Donington Historic Festival

Donington Park, Derby

On only its second running the Donington Historic Festival confirmed its status as one of the best UK events of the season. Wall to wall quality, big entries and some great racing was the story of the weekend; and when the sun came out on Sunday, so did the crowds.

For a man whose mainstream racing career ended half a century ago, Sir Stirling Moss remains a huge draw and on Sunday he completed a couple of demo laps in the Jaguar C-type he drove to victory at Reims 60 years ago. “Beautiful, as good as it ever was,” said Moss as he stopped in the pit lane.

Moments earlier Moss had congratulated Bobby Verdon-Roe on victory in the race bearing Moss’s name with the Aston Martin DBR1 that Moss himself raced to victory in the 1958 Goodwood Tourist Trophy.

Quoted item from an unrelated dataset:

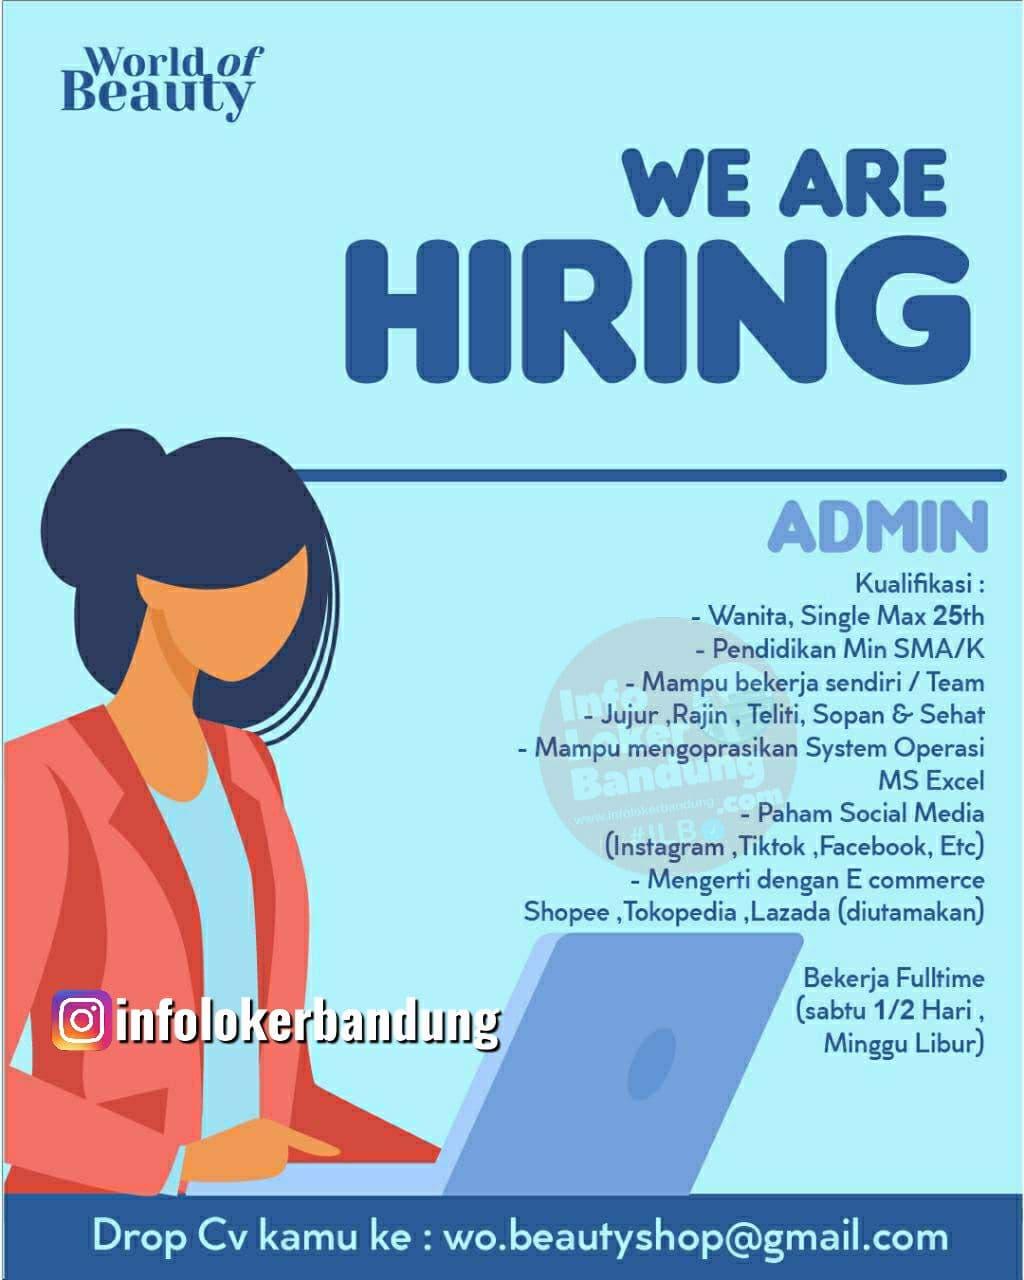 Lowongan Kerja Admin World of Beuaty Shop Bandung Juni 2021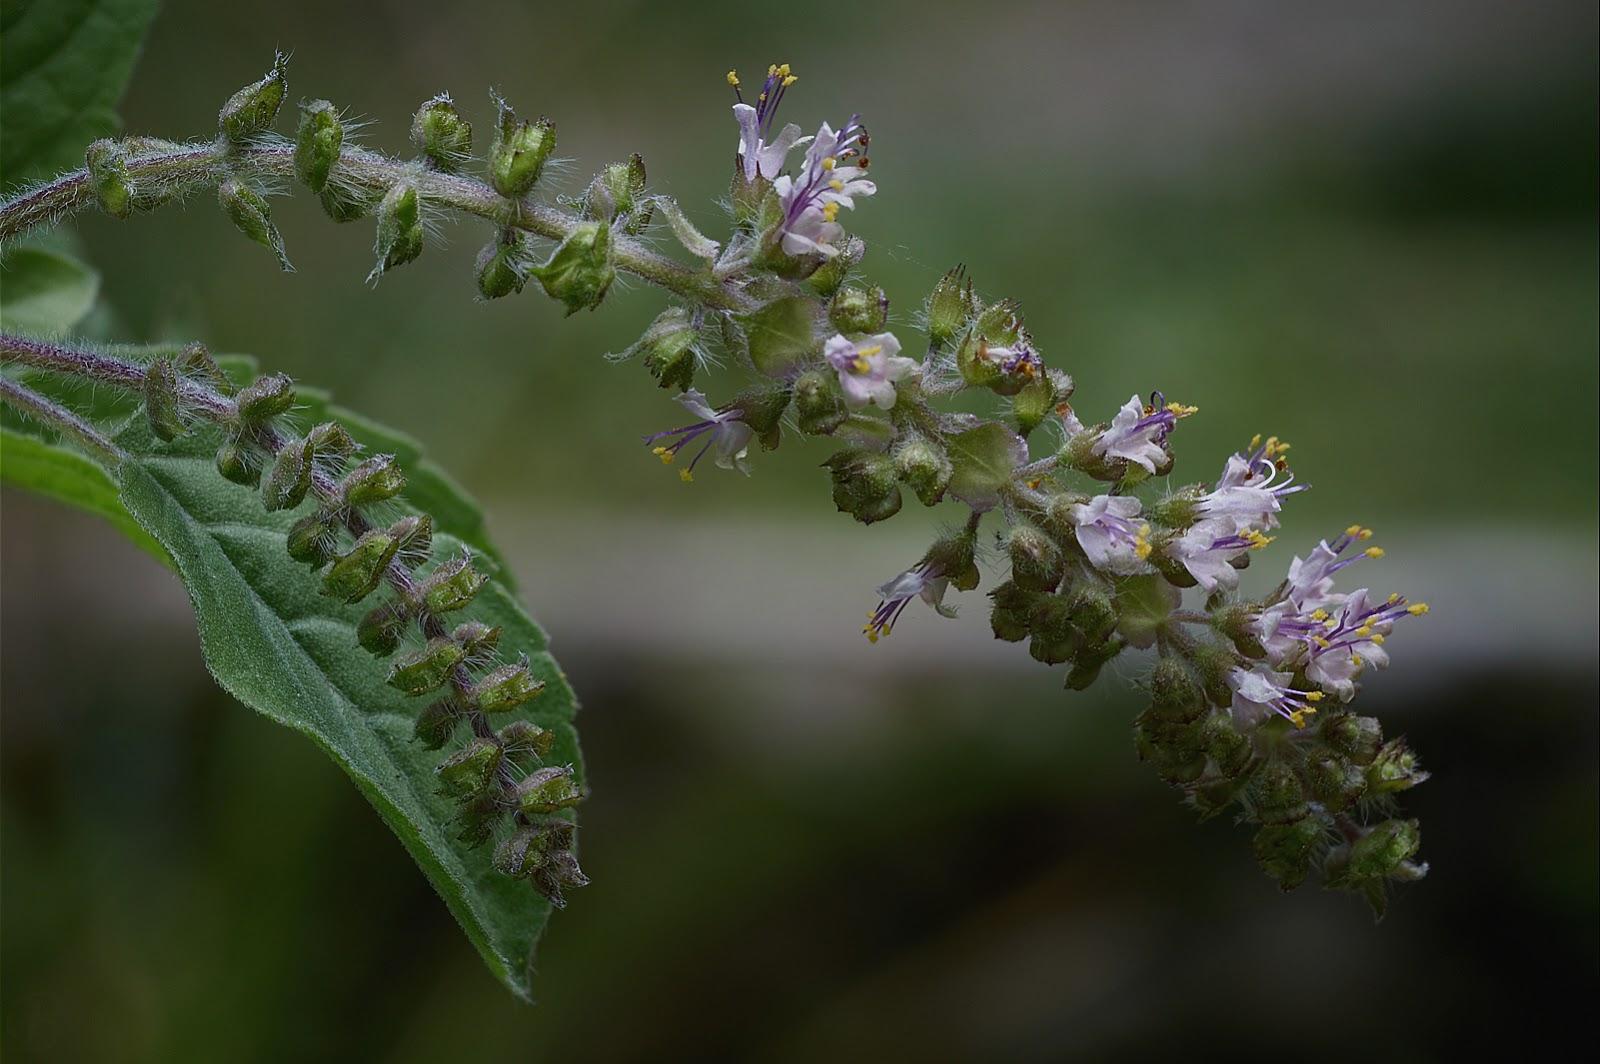 macro photography, soft, subtle, garden, flowers, Philippines

To score a most apposite success, BV-R had to overcome a typically determined challenge from Martin Stretton and Jon Minshaw in Minshaw’s Lister Knobbly. But with concerns about his brakes, Minshaw elected not to ight Verdon-Roe when the Aston grew big in his mirrors.

It proved to be a good weekend for Aston Martin as the AMR1 Group C car scored the win it never achieved in period and it even had a recent works driver at the wheel. Andy Meyrick became the only man to race both the AMR1 and its 2011 counterpart AMR-One when he accepted Paul Whight’s invitation to race AMR1 chassis five, raced at Donington in 1989 by Brian Redman and David Leslie. It took all of Meyrick’s pace and incisiveness in traffic to deal with a dogged challenge by Mike Donovan in his C2 Spice SE89.

“That was really tough; Mike pushed me hard,” said Meyrick. “It shows what the car can do,” added AMR1 owner Whight. Three of Britain’s best historic racers, Gary Pearson, Simon Hadfield and Martin Stretton, had typically busy weekends and all had highs and lows. Pearson bagged both first and second in the Woodcote Trophy race as he reeled in and passed his brother John; he started his own Jaguar D-type before handing that one over to John and jumping into the model started by Carlos Monteverde. Pearson also shared Pre-’63 GT spoils with Jackie Oliver, but in the JD Classic Touring Car race Gary lost victory on the last lap when Alex Buncombe spun the ex-Win Percy/Chuck Nicholson Jaguar XJS. Mark Wright and Formula Ford ace Dave Coyne nipped back ahead in Wright’s Ford Escort Mk2.

Stretton planted his F2 March 742 in the wall before Redgate when warming up the tyres, but then drove a blinder to bring David Coplowe’s Lola T70 Mk3B home for victory in the 1000km series race for pre-’72 sports-racing cars. Hadield, in the T70 started by Frank Sytner (making an emotional return to the event that so nearly cost him his life a year earlier) was on course for second when, closing in on customer Leo Voyazides in the T70 Hadfield had started, they clashed at the Chicane (above). Hadfield finished third and made amends later by sharing Voyazides’ Lotus Cortina to U2TC victory over Alex Furiani and Frank Stippler.